Marking and feedback
We aim that students will complete at least one piece of assessed work in each subject, every week (which will often but not necessarily be a piece of written work). Feedback will be provided on this piece of work within one week, either through teacher marking, peer or self-assessment, or discussion.
In setting work, teachers should aim to be very clear about how it will be assessed; often they will share and discuss the various assessment criteria with the students. Teachers and students should know what it takes to attain each standard or grade and students should be made familiar with marking criteria. Teaching and assessment should be designed to help students achieve the next level and as such, teachers should ensure that students understand their level of performance and have opportunities to interpret them in discussion with teachers.

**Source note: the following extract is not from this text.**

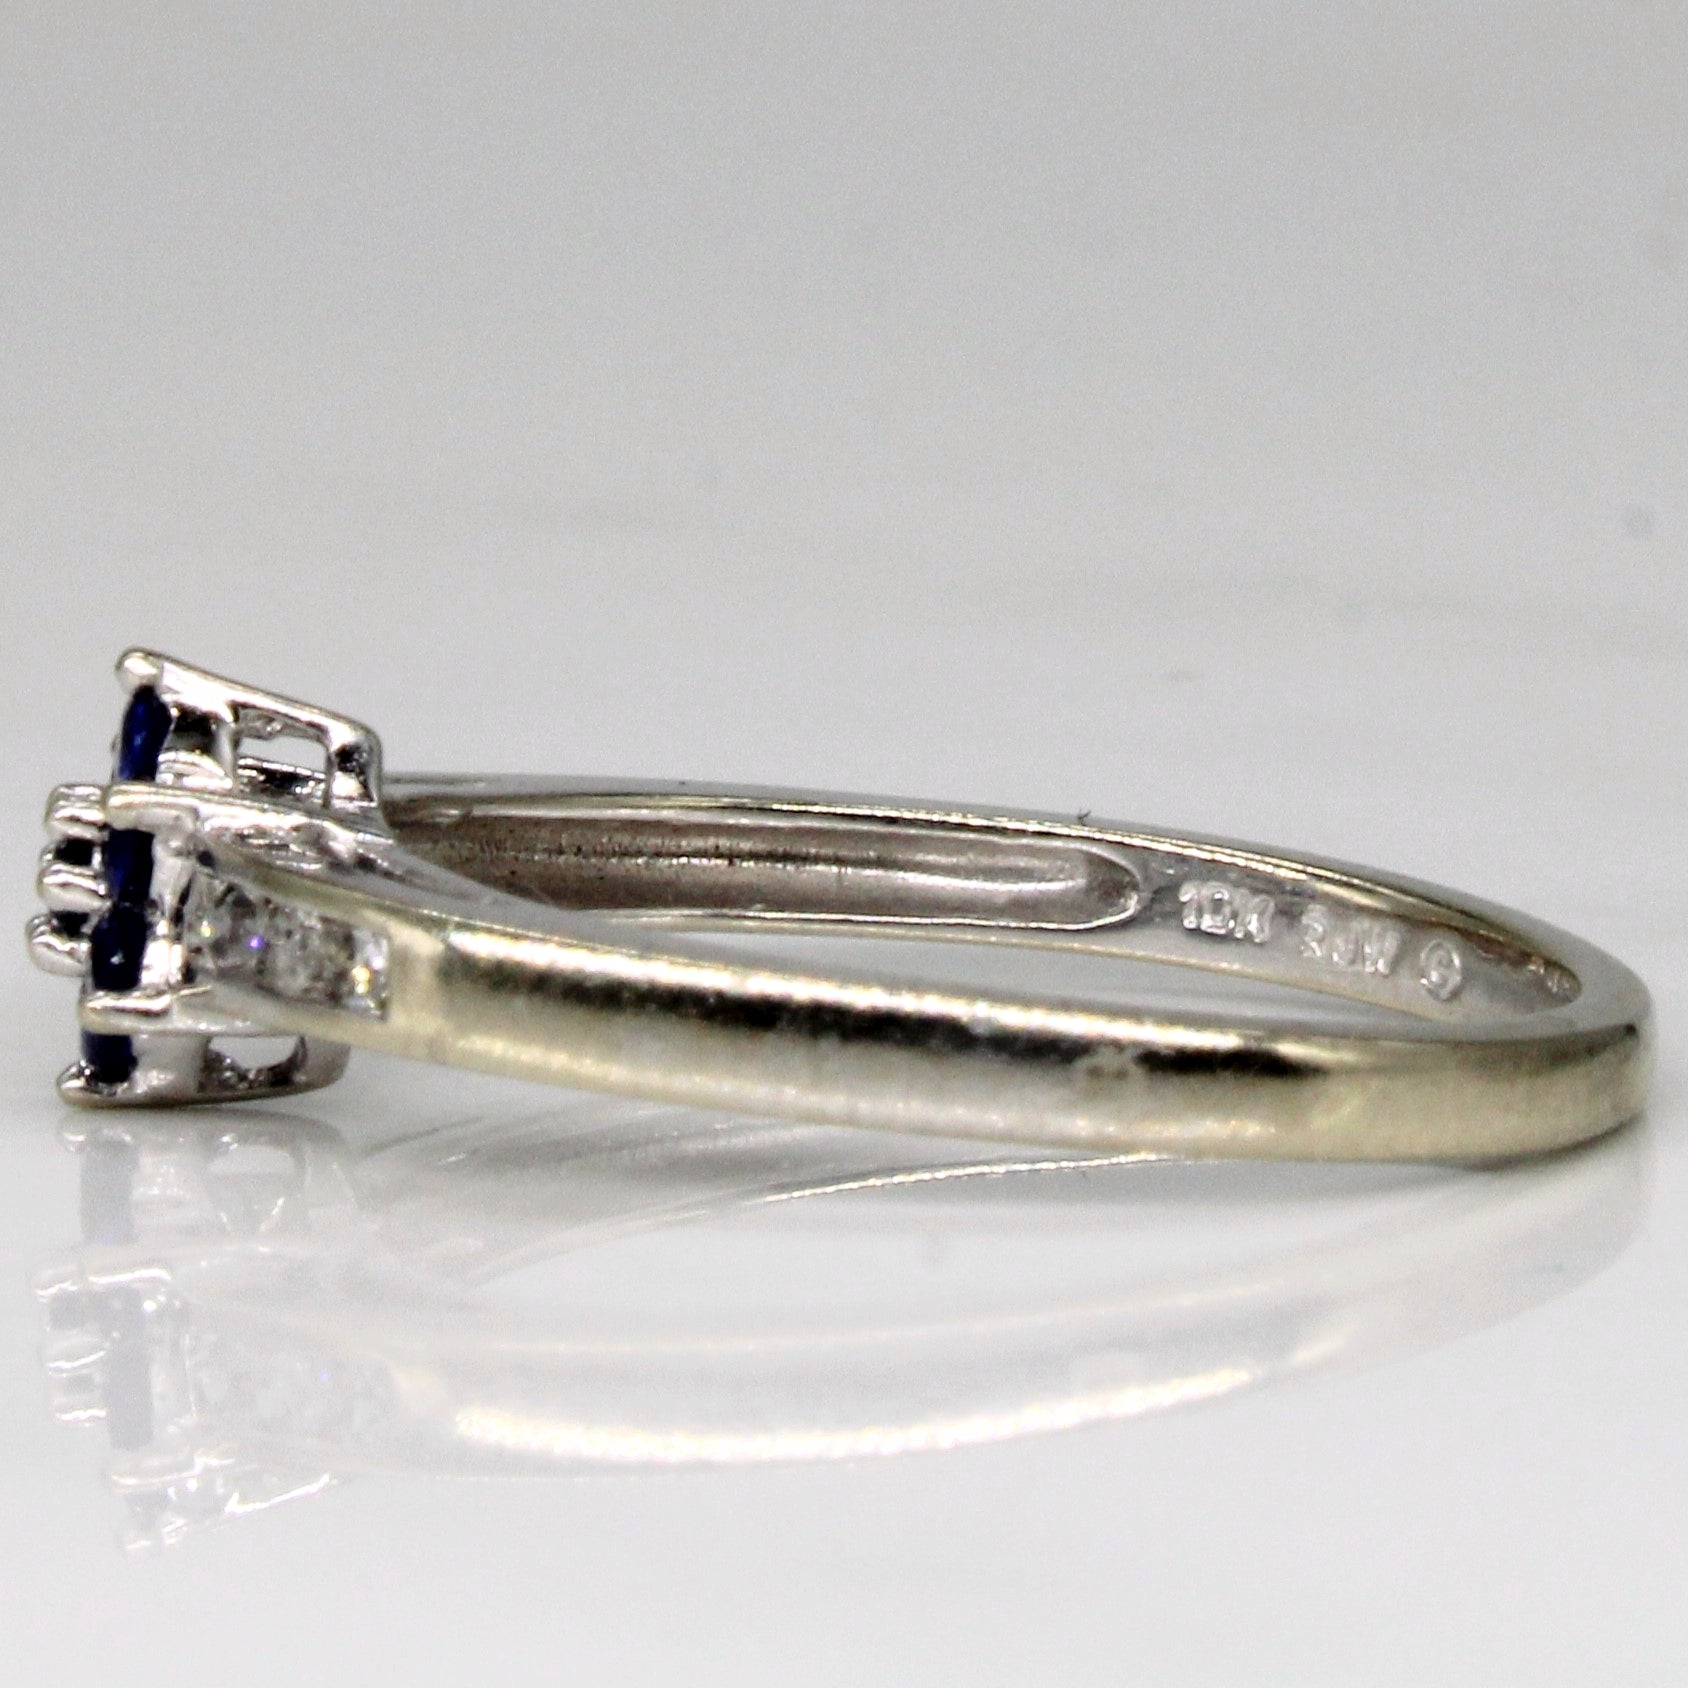 Sapphire & Diamond Ring | 0.14ctw, 0.06ctw | SZ 7 |
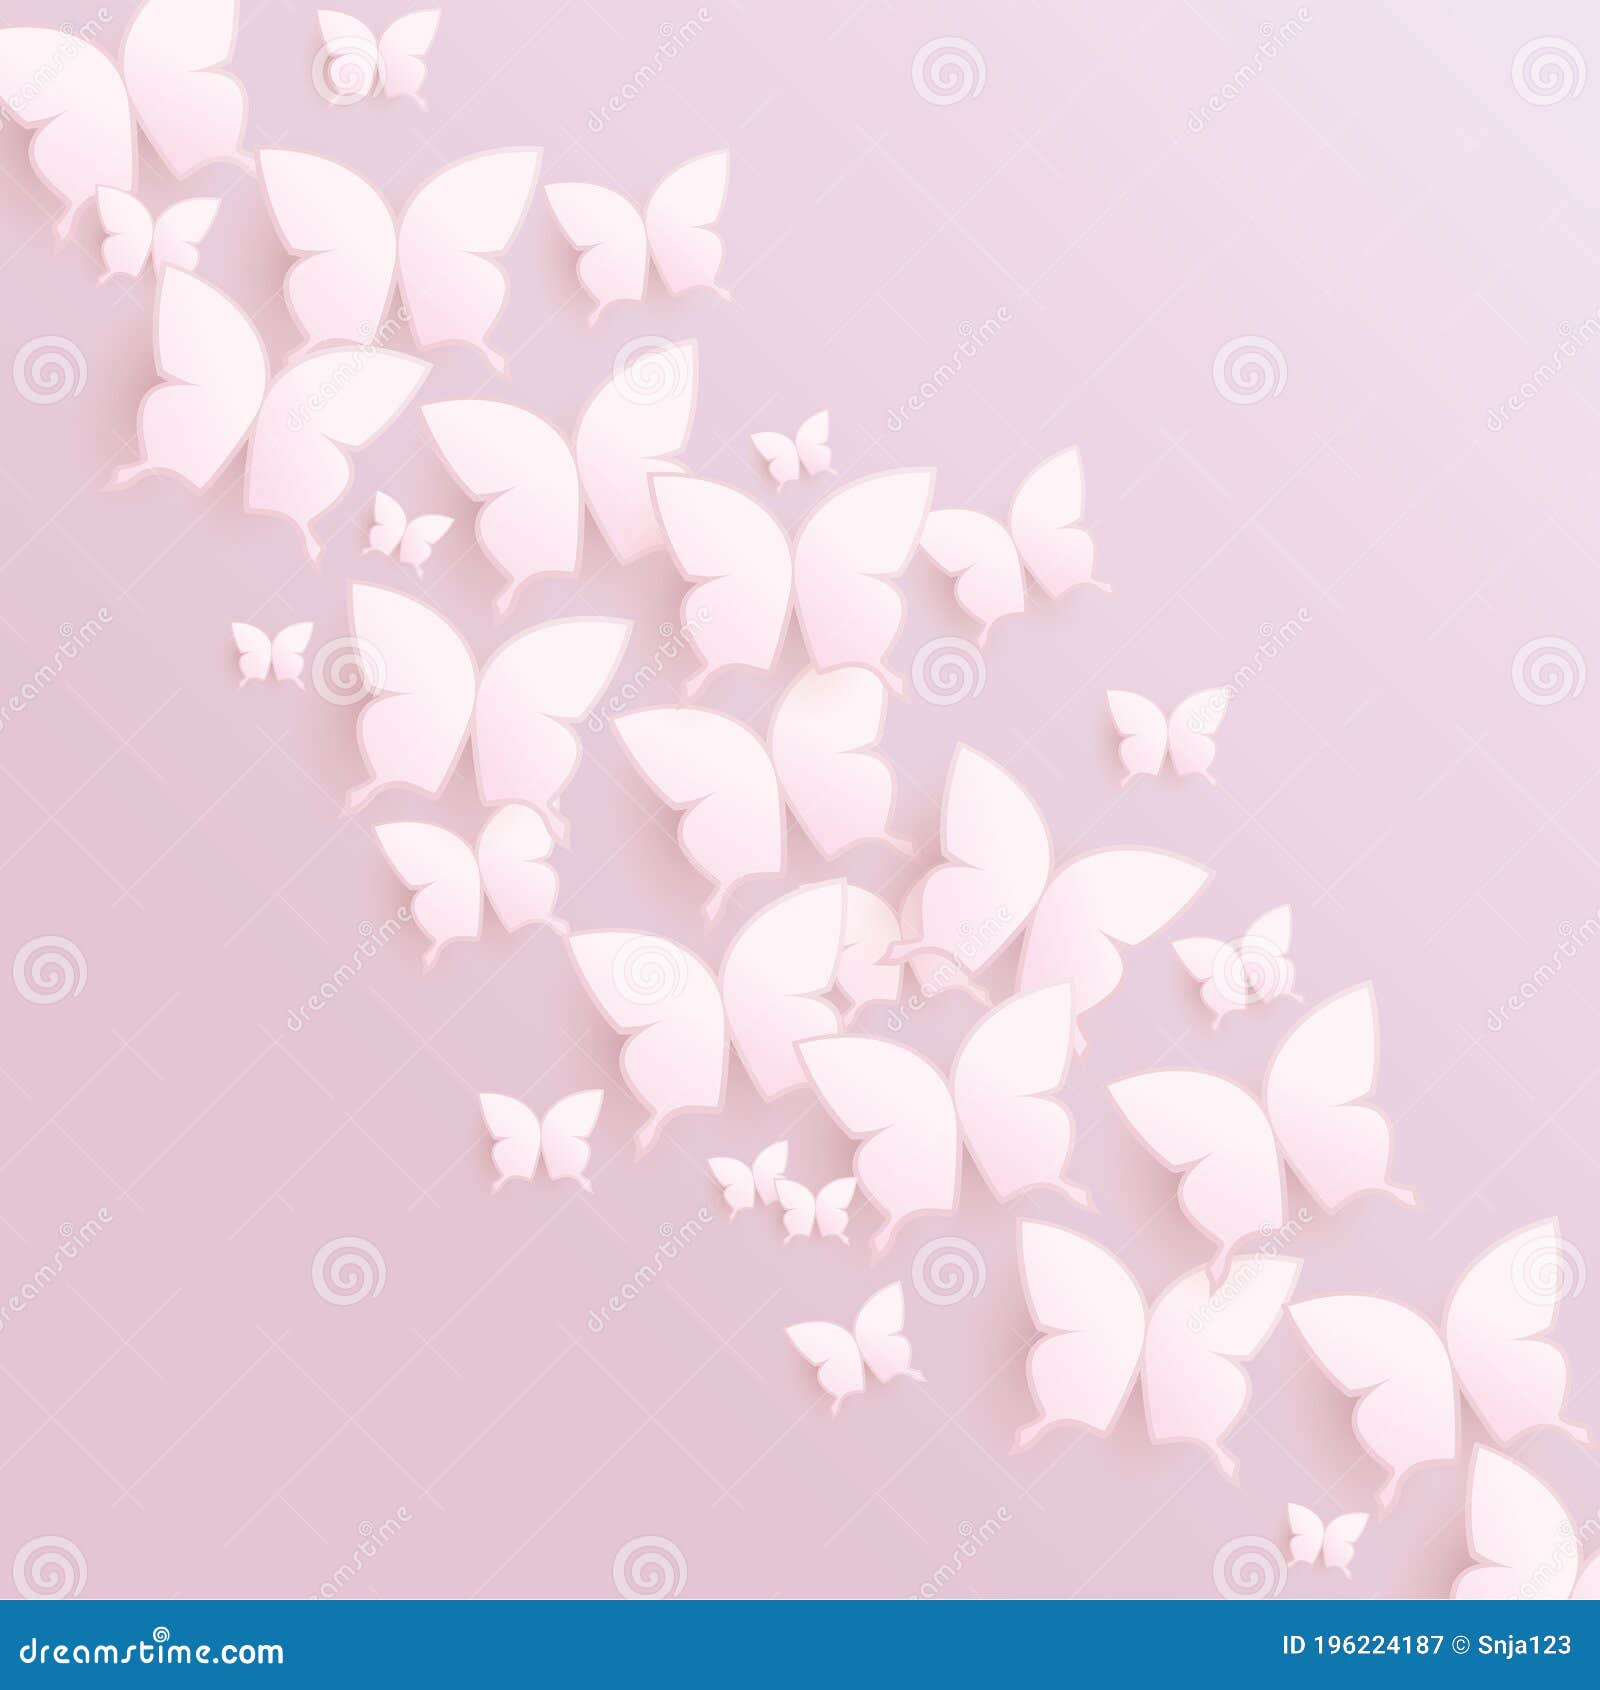 Hình nền vector thiết kế với bướm trắng trên nền hồng nhạt sẽ đem lại cho bạn một cảm giác thanh lịch và tinh tế. Với hình ảnh bướm trắng bay lượn giữa nền hồng nhạt, bạn sẽ có được sự tinh tế và thanh lịch trong không gian trang trí của mình.

It is vital that feedback is carefully designed and targeted to help students to improve and to that end whole-class feedback is not a formal expectation in sixth form. Instead, students are provided with highly individualised written, or spoken feedback which is clear and concise; positively phrased; and indicative of ways to improve. Ideally, teachers and students will see feedback as a dialogue about ongoing improvement and may use a variety of strategies to facilitate this. Students may be expected to redraft work following feedback, either in lesson, or at home and also may be required to evaluate their own performance. Teachers will also give students feedback on their organisational skills. Where possible, students should be given opportunities to assess and reflect on their own and others’ work.
Every time we provide feedback, we aim to think carefully about how that feedback is going to help the student to learn more effectively and perform at a higher-level next time and how it will inform and shape our teaching in future.
Independent study
Sixth Form study requires a considerable amount of private and independent study. This means that students need to demonstrate self-discipline and organisation. Students must take responsibility for organising their time to allow them to complete the research, wider reading, class work and coursework required across all their subjects. As a guide, we adopt a 5:3:2 model when talking to students about their private study, that is:
- 5 hours of lesson time with their teacher/s – these lessons will always be highly planned and will take one of the formats as earlier outlined.
- 3 hours of private study during “free” periods – in this time students should be consolidating their learning, committing new information to long term memory, reading, doing additional exam practice, and completing pre-reading and tasks in preparation for the next lesson. There should be an element of prep completed prior to evey lesson.
- 2 hours of homework set by the teacher – this work will have a clear deadline and will generally be essay writing or exam practice that will require feedback.
Teachers will ensure that all students have recorded homework tasks carefully and accurately, are very clear about the date for submission, and that they are using a sensible, effective system for recording this information.
As part of the feedback cycle teachers should engage in dialogue with students about how long work is taking them and incorporate into their teaching advice on strategies for smarter, more efficient working habits. Teachers will regularly check students’ files and give organisational advice as part of their lessons as well as in “academic monitoring” sessions during tutor time.